What is a Cortisone Shot?
As a pain management physician, one of the most powerful tools in my arsenal against pain is a steroid injection. These injections are also known as a “cortisone injection” or “corticosteroid injection”. Cortisone is a powerful anti-inflammatory medication that reduces the inflammatory response of many painful conditions. Some of these conditions include arthritis, tendinitis, bursitis, and sciatica, to name a few. For the treatment of numerous painful spine conditions, one of the most successful and potent treatments is an epidural steroid injection.
One of the most common misconceptions about corticosteroid shots among patients is that they think Cortisone is a pain-relieving medication. However, cortisone is an anti-inflammatory medication. After a cortisone injection, the pain decreases due to the reducing inflammation.
What is a Cortisol Injection Used for?
Since cortisone injections are a powerful anti-inflammatory medication, they can be used as Local Cortisone Injections to reduce the inflammation of small areas of the body or as Systemic Cortisone Injections to reduce widespread inflammation of the body. Below, we’ll also discuss the side effects of both local and systemic steroid shots.
Local cortisone injections can help with bursitis, tendinitis, and joints (arthritis). As a matter of fact, steroid injections are frequently used to treat joint inflammation for many arthritic patients. However, treatment is not the only reason why cortisone injections are used. When used with anesthetics such as lidocaine, it can help to confirm a diagnosis.
Furthermore, Systemic cortisone injections, which are usually given intramuscularly (gluteus or deltoid muscles), are used for conditions that affect the skin or many joints at the same time such as rheumatoid arthritis, allergic reactions, and asthma. In order to treat even more severe conditions, these injections can be administered intravenously.
Cortisone Injections Common Questions
Some patients are concerned about the use of cortisone in their body. The most common questions they ask about the use of this type of steroid injection help us to conclude that is a great level of concern about the use of cortisone shots and if they are indeed bad for one’ body:
- Isn’t cortisone unnatural?
- Won’t cortisone injections harm my bones and cartilage?
- Will cortisone shots cause my tendons to rupture?
- Aren’t cortisone injections painful?
- Are corticosteroids the same as cortisone?
- If I already received a previous cortisone injection and it didn’t work, why will this one be different?
- What are the side effects of cortisone injection and the possible reaction to a cortisone shot?
- Will weight gain be a side effect?
In response, cortisol is a potent hormone called glucocorticoid that is produced naturally by the body.

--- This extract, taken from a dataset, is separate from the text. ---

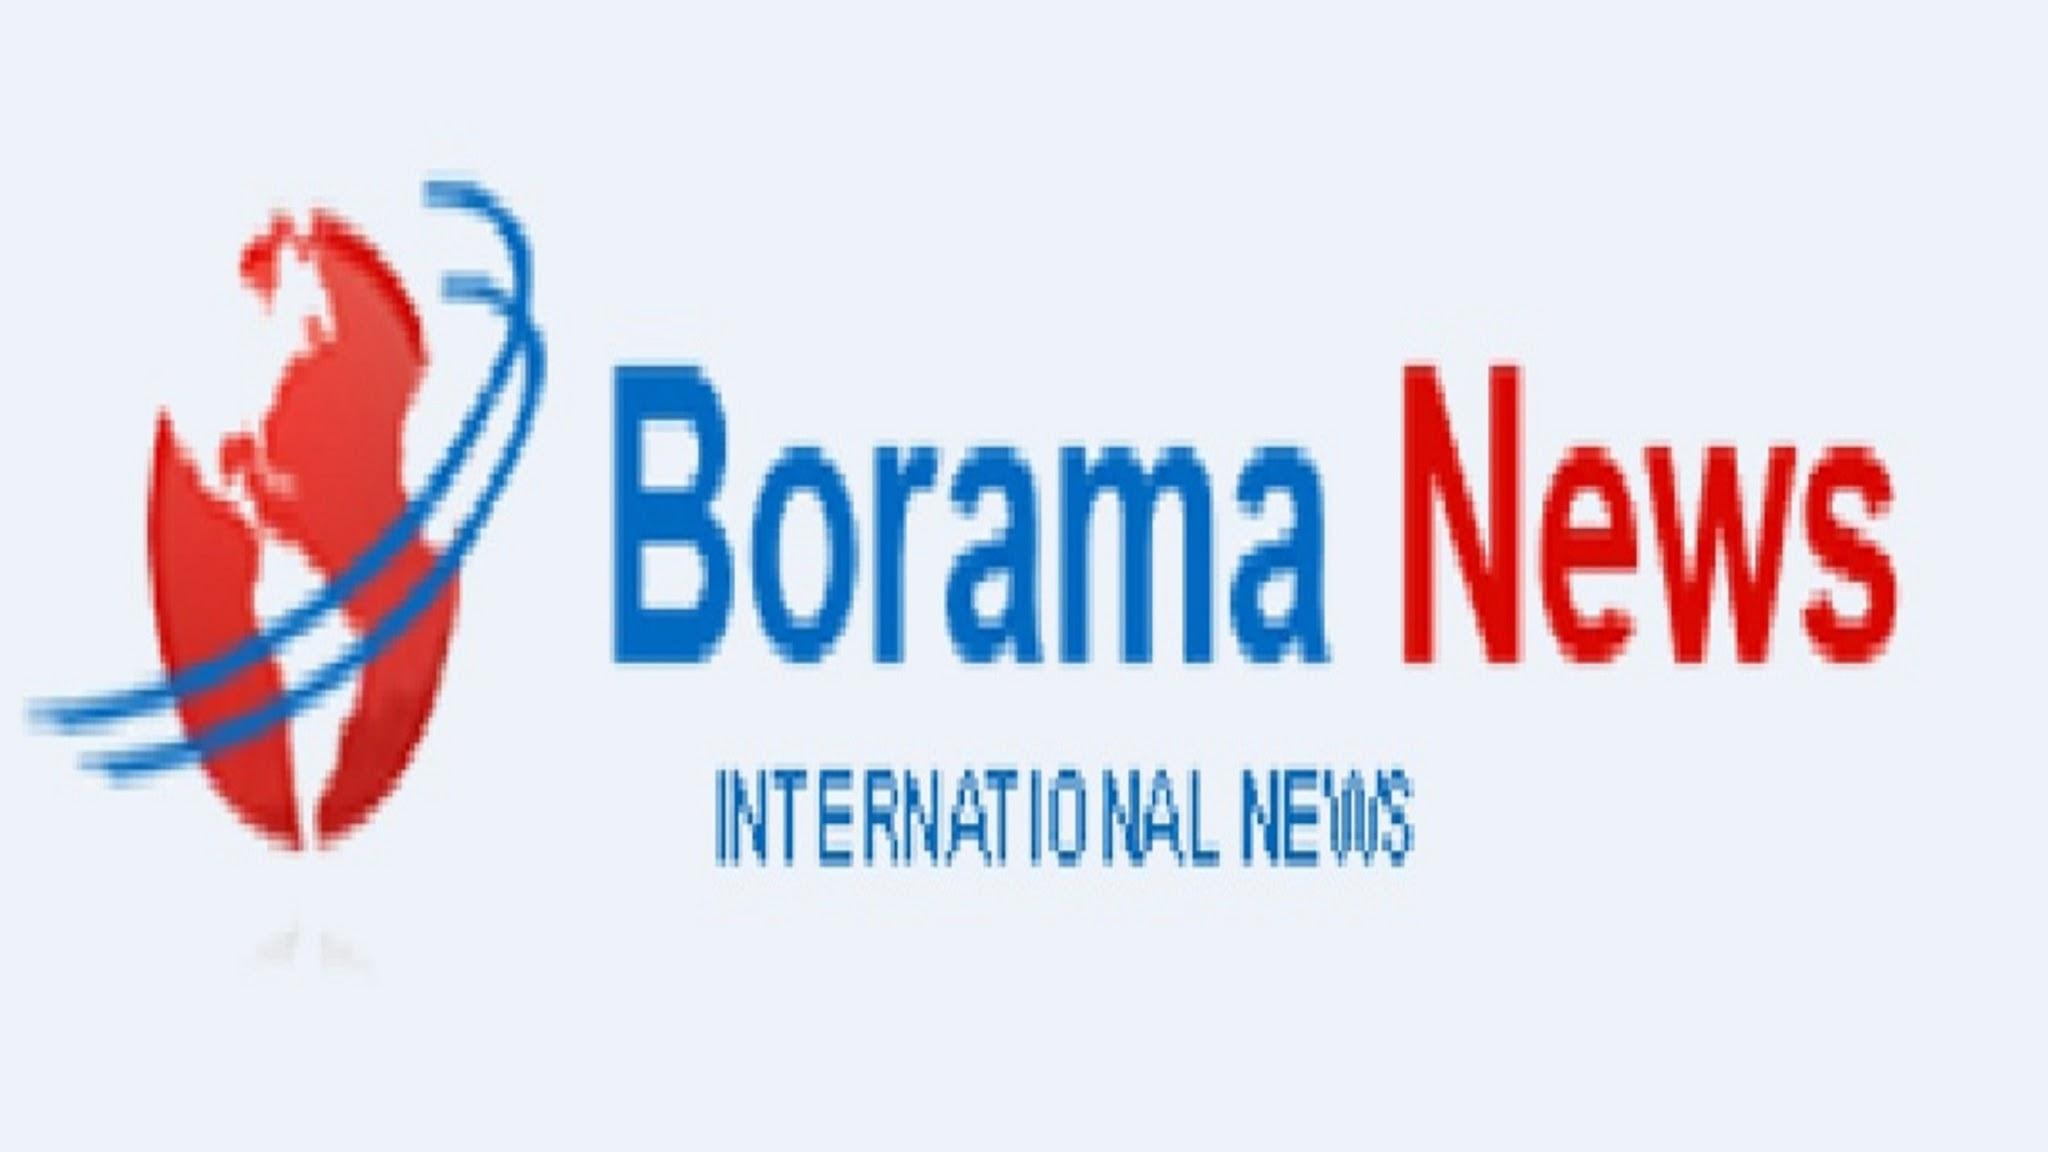 Boramanews

Along with adrenaline, cortisone is one of the two main hormones released by the adrenal gland in response to stress. Cortisone suppresses the immune system, thus reducing inflammation and its corresponding pain and swelling at the site of an injury.
Anti-inflammatory medications can be taken orally, but this distributes the medication in very diluted dosages throughout the entire body. A steroid injection, on the other hand, places a concentrated dose of medication directly at the site of the injury and the source of the pain, making it a very potent treatment.
To clarify the nature of corticosteroids, it refers to a class of cortisone related medications known for reducing inflammation. Cortisone is a common type of corticosteroid, thus explaining why most people or healthcare professionals used both terms interchangeably.
Cortisone injections are very safe to perform and should always be performed by a properly trained and experienced physician or other health care professional. With the advancement and availability of modern imaging technology including mobile ultrasound and fluoroscopy, it is recommended that most injections be performed under direct image guidance to maximize both the efficacy and safety of the injection.
Please find below some of the most common known corticosteroids injections pros and cons so you can be able to determine if it is a viable option for you. When a physician recommends a treatment – including steroid injections – it is not based only on the condition itself, but on the patient’s personal goals and predisposition as well since every patient is different.
Regarding a patient reaction to a cortisone shot as well as its possible side effects, please keep reading below to further understand them.
Cortisone Shots Pros
Some of the well-known cortisone injections advantages:
- Cortisone is a naturally occurring substance
- Cortisone injections are easy to administer and well-tolerated
- Cortisone injections have few side effects
- Side effects of cortisone injections tend to be minor and rare
Cortisone Shots Cons
Side effects of cortisone injections tend to be rare and minor. However, they do exist and potential patients tend to wonder the most about the potential side effects of a cortisone shot prior to deciding on moving forward to it.
Cortisone Shots Side Effects
Then again, this is one of the main concerns of a patient when it comes to the procedure. To better understand the possible side effects of a cortisone injection as well as a patient’s possible reaction to a cortisone shot, we divided them based on the body targeted areas by local side effects and systemic side effects. Potential side effects of a cortisone shot include the following:
1. Local Side Effects
- Some people experience local discomfort after an injection and may have an increase in pain for 24-48 hours post-injection. This is called a “cortisone flare” and usually subsides quickly.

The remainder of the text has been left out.